Keywords: matrix perturbation, method of elementary effect, key issue analysis, random balance design, Sobol’ sensitivity index
1. Introduction
A life cycle assessment (LCA) calculates the environmental impact of a product from cradle to grave. LCAs require many input parameters and many of these parameters are uncertain. A sensitivity analysis,therefore, is an essential part of the final interpretation. This is mentioned in the ISO standards for LCA, but no guidance is given on how to do or how to select an appropriate sensitivity analysis. A sensitive parameter is a parameter of which a change considerably influences the result, or that contributes to the variance of the output.A sensitivity analysis can help identifying parameters that should be known accurately before drawing conclusions, or identifying non-sensitive parameters for which the variance can be fixed in the region of its variance in order to simplify a model, also known as ‘factor-fixing’ (Saltelli et al. 2008).
Sensitivity analysis in LCA can be performed using a one-at-a-time approach (OAT), meaning that a subset of the input parameters are changed one at a time to see how much influence it has on the results. Although this approach has many advantages, e.g. it is easy to perform and to understand, this type of sensitivity analysis is time-consuming for a large system and might not consistently take all parameters into account and, therefore, could overlook possible sensitive parameters. Sensitivity analyses that consistently analyze the sensitivity of each parameter in the model are usually performed with sampling based approaches, such as Monte Carlo simulation, with an added procedure for variance decomposition.

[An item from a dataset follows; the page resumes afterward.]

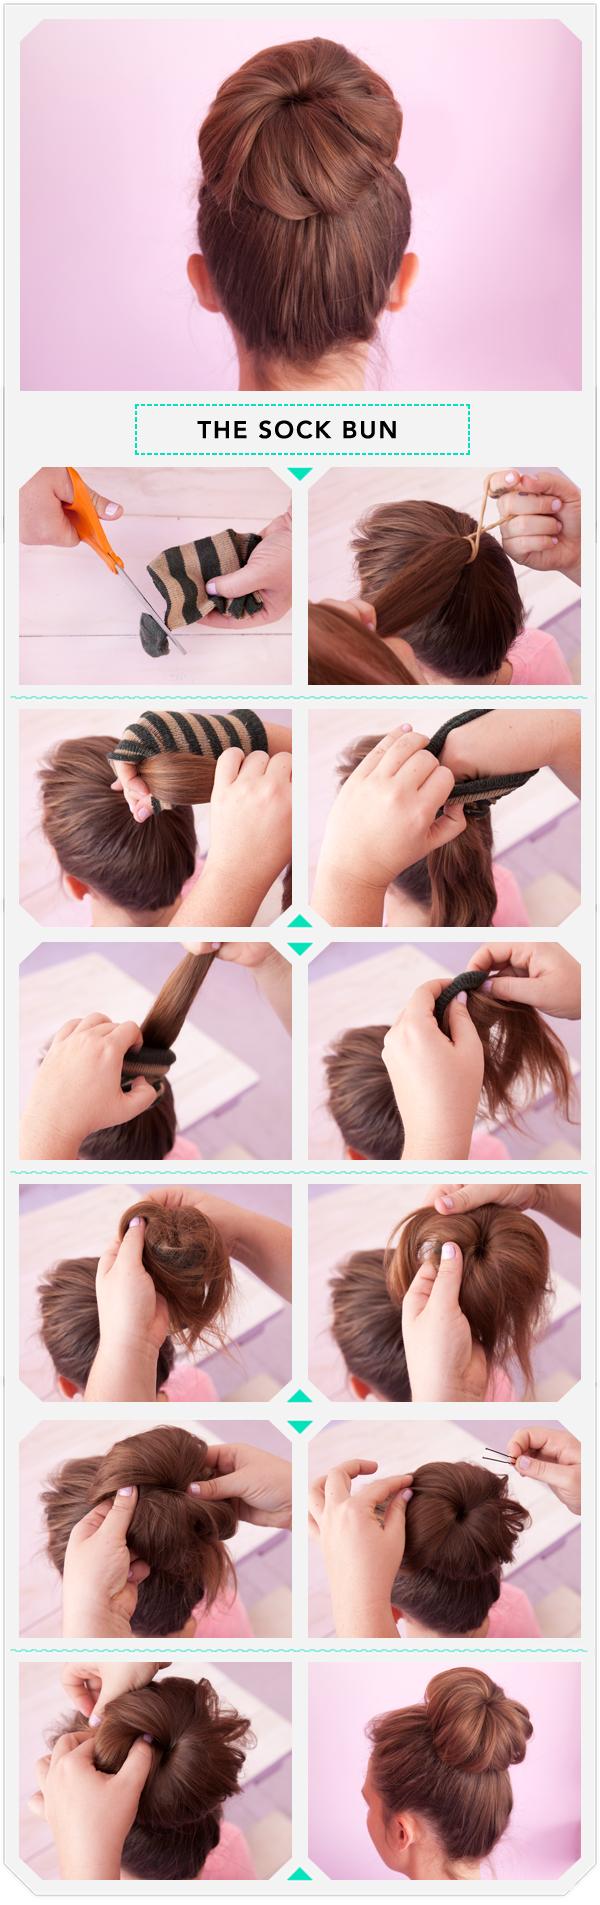 Как сделать гульку на голове на короткие волосы8

In general we can differentiate between three types of sensitivity analysis: local sensitivity analysis (e.g. OAT); screening (e.g. method of elementary effect) and variance based sensitivity analysis or global sensitivity analysis (e.g. regression analysis). An overview is given in Table 1. The methods differ in their input requirements (e.g. knowledge about probability distribution function and parameter of dispersion) and type of output: either a ranking and/or variance decomposition of the input parameters.
Table 1. Types of sensitivity methods discussed in this paper.
Type Method
Local Matrix perturbation (MP); one-at-a-time approaches (OAT)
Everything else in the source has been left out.